Asked whether she found the comparison offensive, Bloch said: “No, I identify.”
Bloch said the conditions reported at the border camps sound painfully similar to her own. “It’s the same conditions I lived through—we never had soap, but we had water, cold water, and not necessarily a shower. No toilet paper. It was inhuman.”
“[In concentration camps] people have no control over their lives,” she continued. “You have to go to sleep when the light goes out, you have to eat when they want you to eat. You can’t express your own thoughts, because you might get penalized for that.”
Bloch said migrants today and Jews during World War II faced the same stark choice: Leave and face great danger, or stay and die.
“The people coming here now come out of desperation because they cannot live where they were born. It’s either to live or not to live,” she said. “[Back then], many parents sent their children before they sent themselves, into a different country if it was possible. Everybody tried. I think anyone like me who has gone through the Holocaust should know that these people have the exact same history.”
While she was sent to the concentration camps and denied opportunities because of her Jewish identity, the migrants today are also denied asylum because of their background, Bloch said.

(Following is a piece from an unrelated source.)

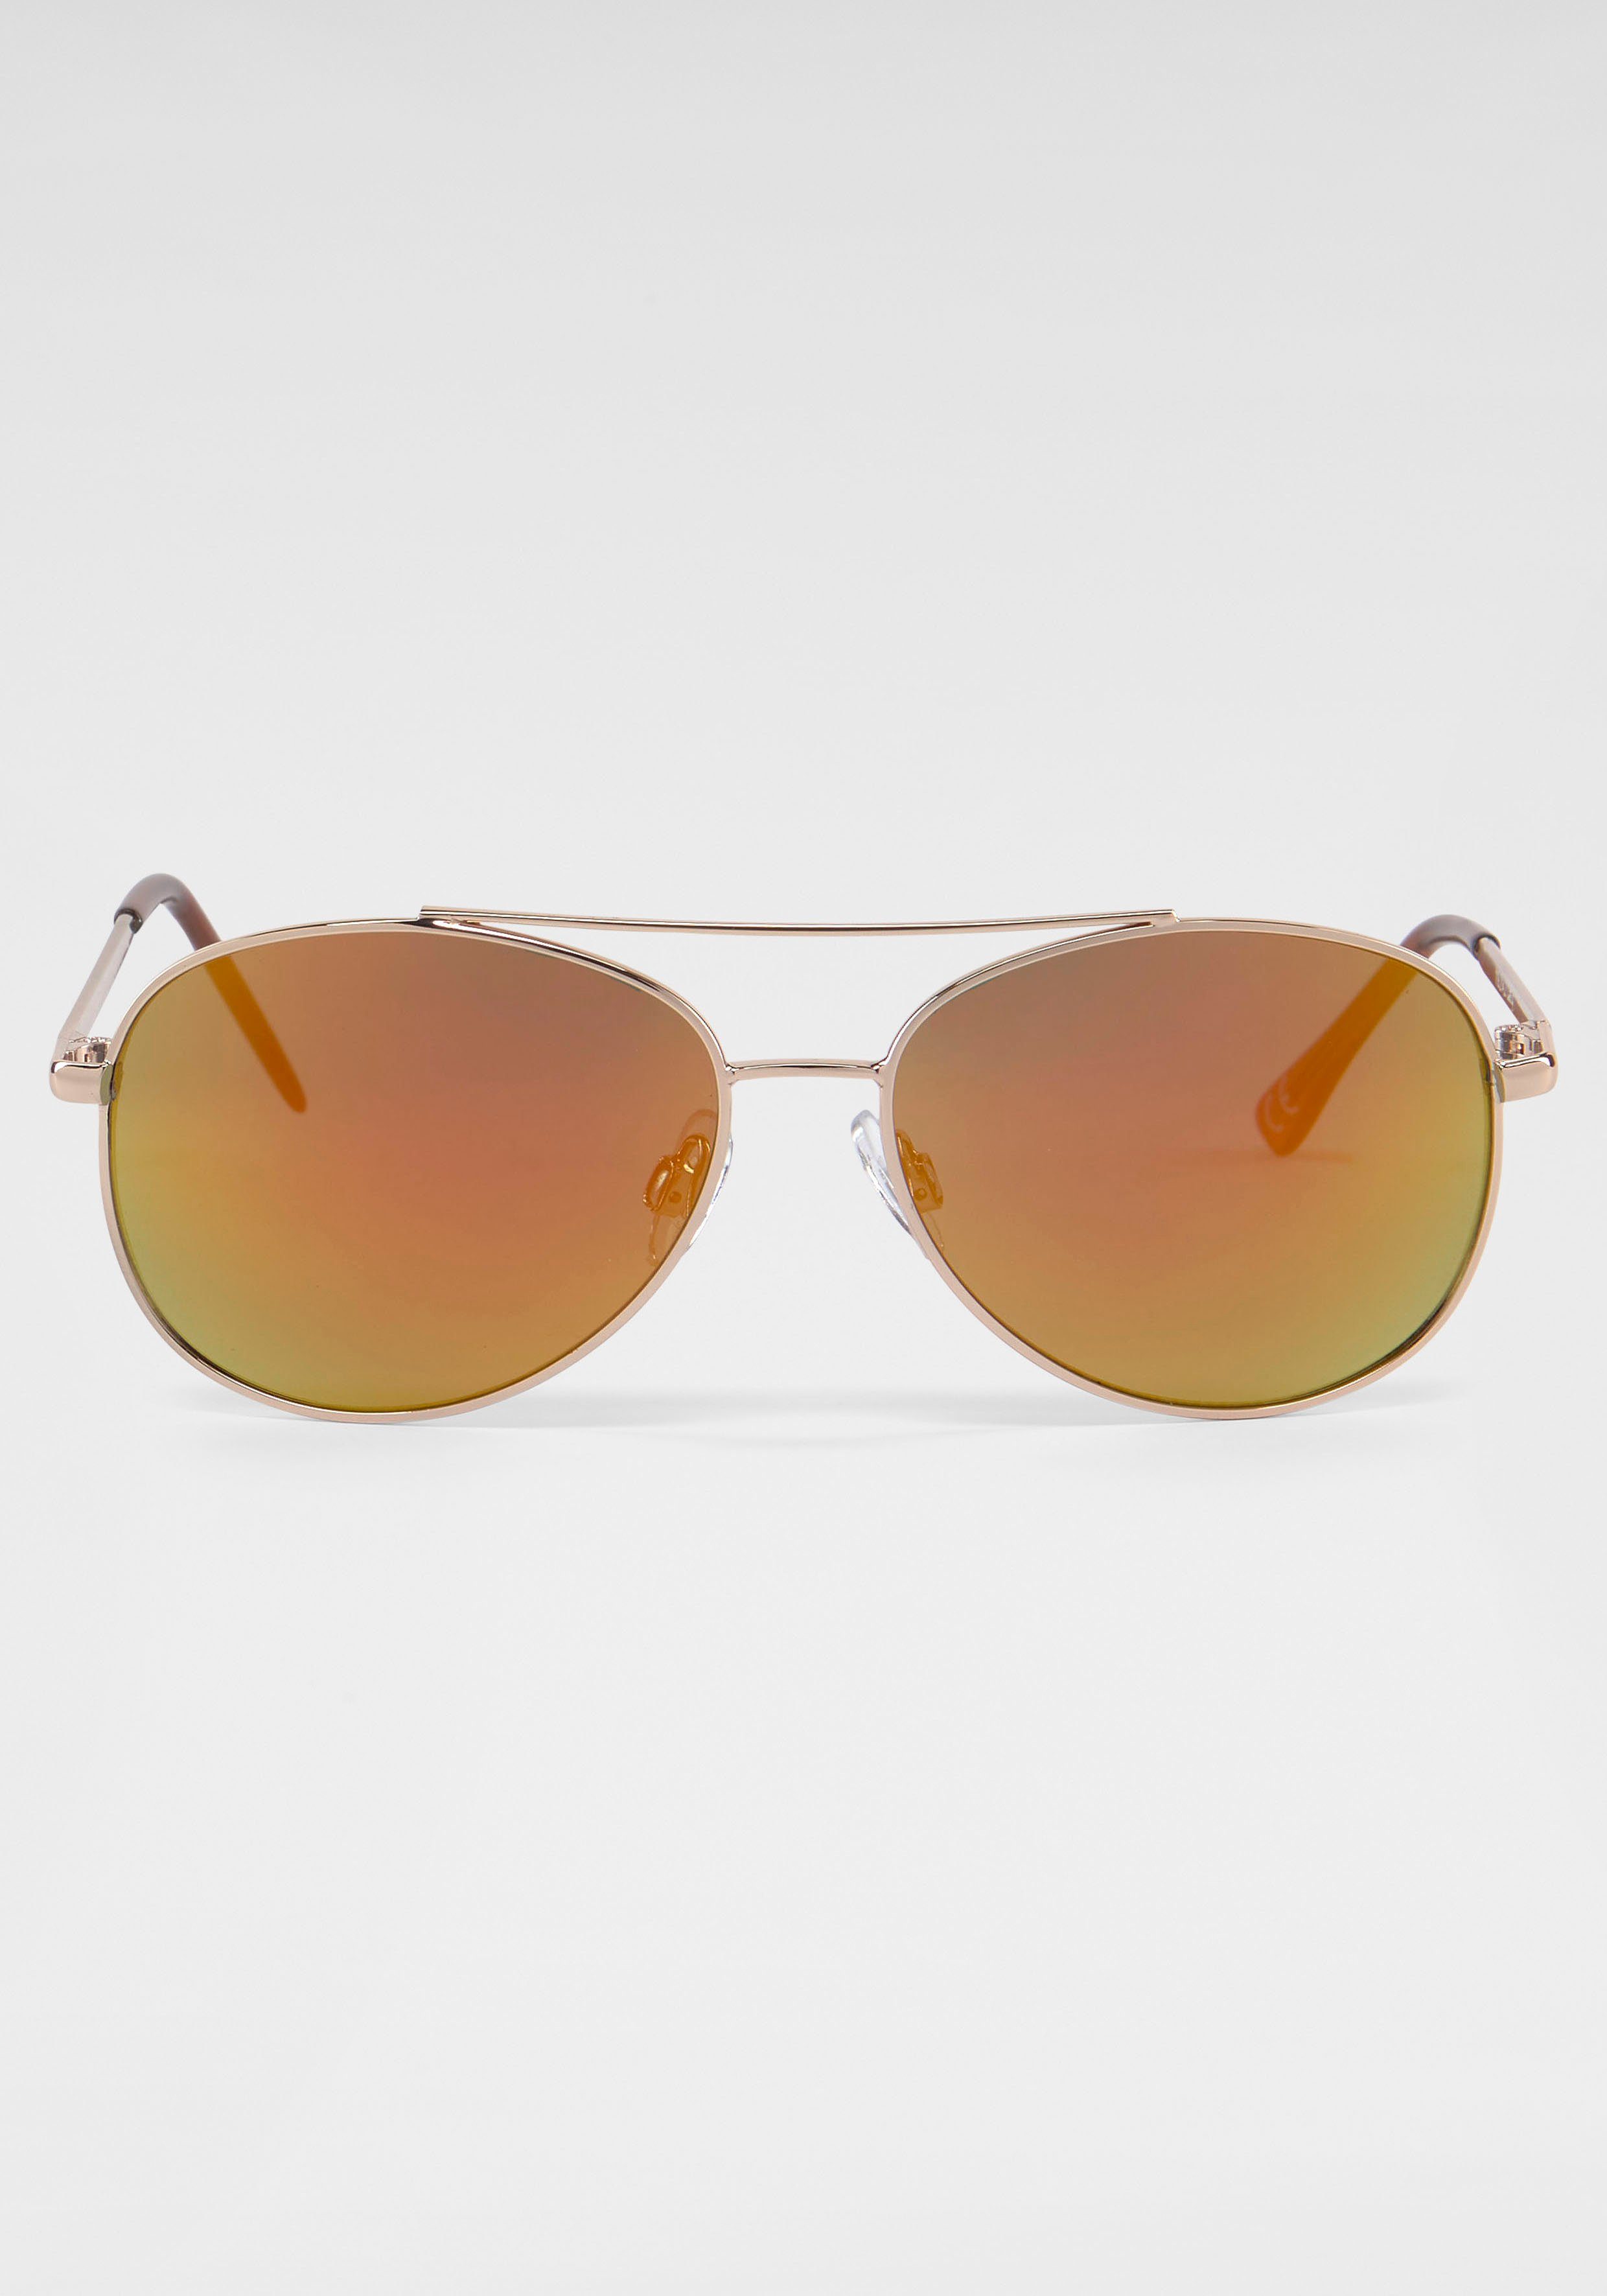 Trendige PRIMETTA Sonnenbrille, Eyewear Sonnenbrille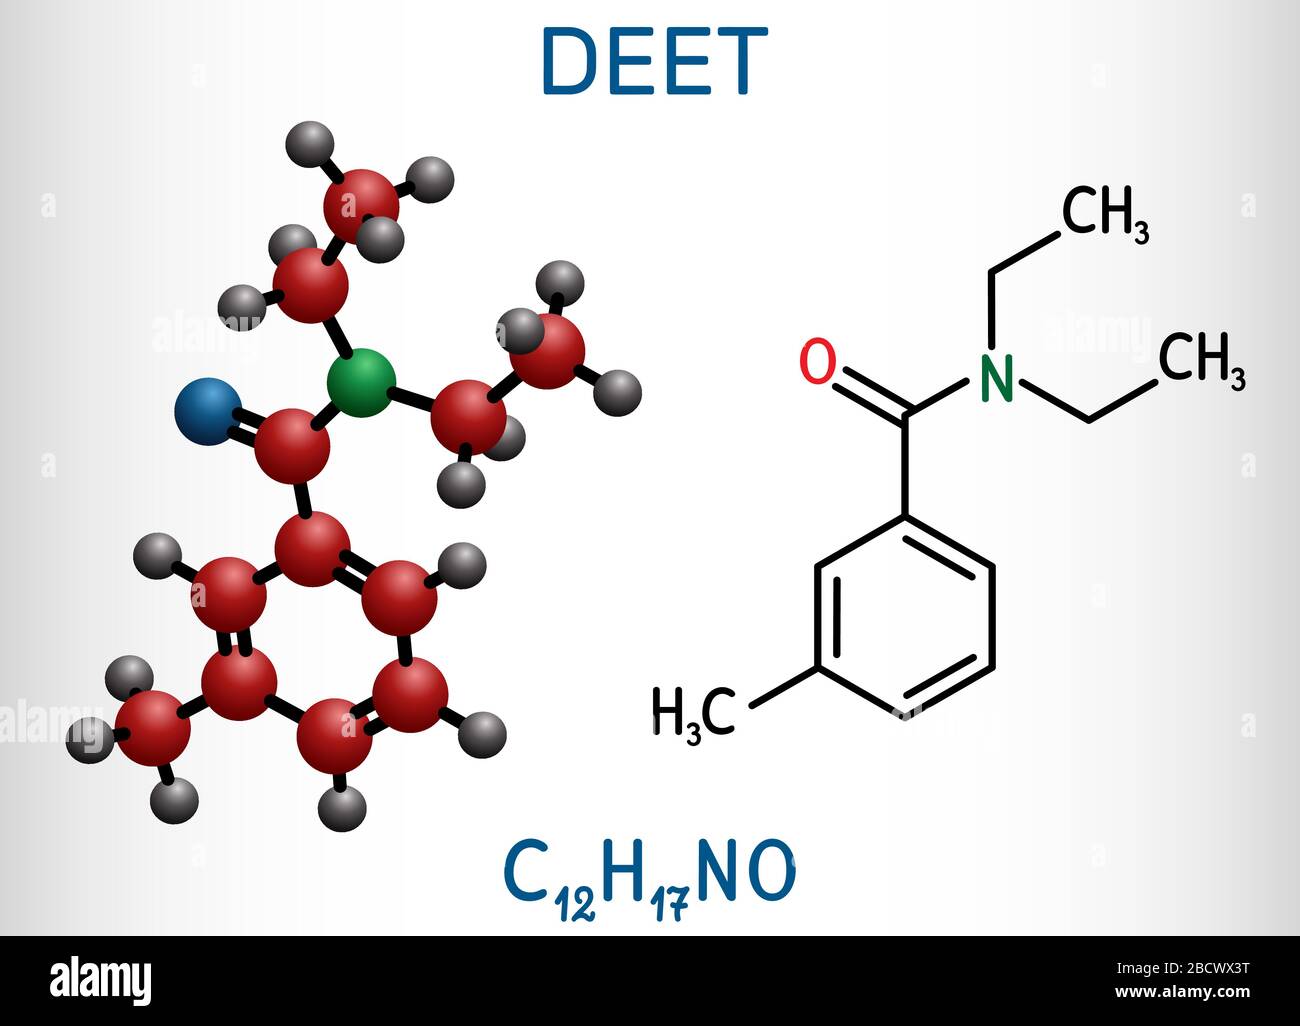 DEET, Diethyltoluamid, N,N-Diethyl-Meta-Toluamid C12H17NO-Molekül. Es ist Wirkstoff in Insektenschutzmitteln. Strukturelle chemische Formel und Mo Stock Vektor

“It’s mainly because of their color and where they’re coming from. But as a rule, humans are not very nice. People like to always look down on somebody else,” she said. “Instead of when you look down to pull that person up, they shove them down more. They don’t want to identify as human beings with those people and that’s a bad attitude. But it’s a human thing.”
And for the children held in the camps, Bloch said the United States is shutting the door on a generation who will eventually lose hope in the American dream.
“What you hear of the people in these camps, the kids have to take care of themselves, under the guards who watch them. There is no love,” she lamented. “What will become of them, I don’t know. If they’re lucky, they can spend a normal life, but I doubt it. It depends on how long they are in this situation. It will change their lives.”
After the Holocaust, Bloch met her husband, and they moved to Amsterdam, but quickly realized there was nothing left for them there.
“My family didn’t come back, and we felt whomever we knew, all of these people were not there anymore. There was nothing that held you. There was no family, there was nothing. So we said, let’s start anew and let’s go to America,” she recounted.
They arrived in the U.S. in 1948 and started an antique-dealing business. While thinking of how she was received at the time, she grew emotional.
“I was happy to come to America, and I was welcomed to America and I gave back to America by being productive, and I think these people should have the same right, who don’t have the chance to ever get it,” she said. “They come with nothing—from nothing, to nothing.”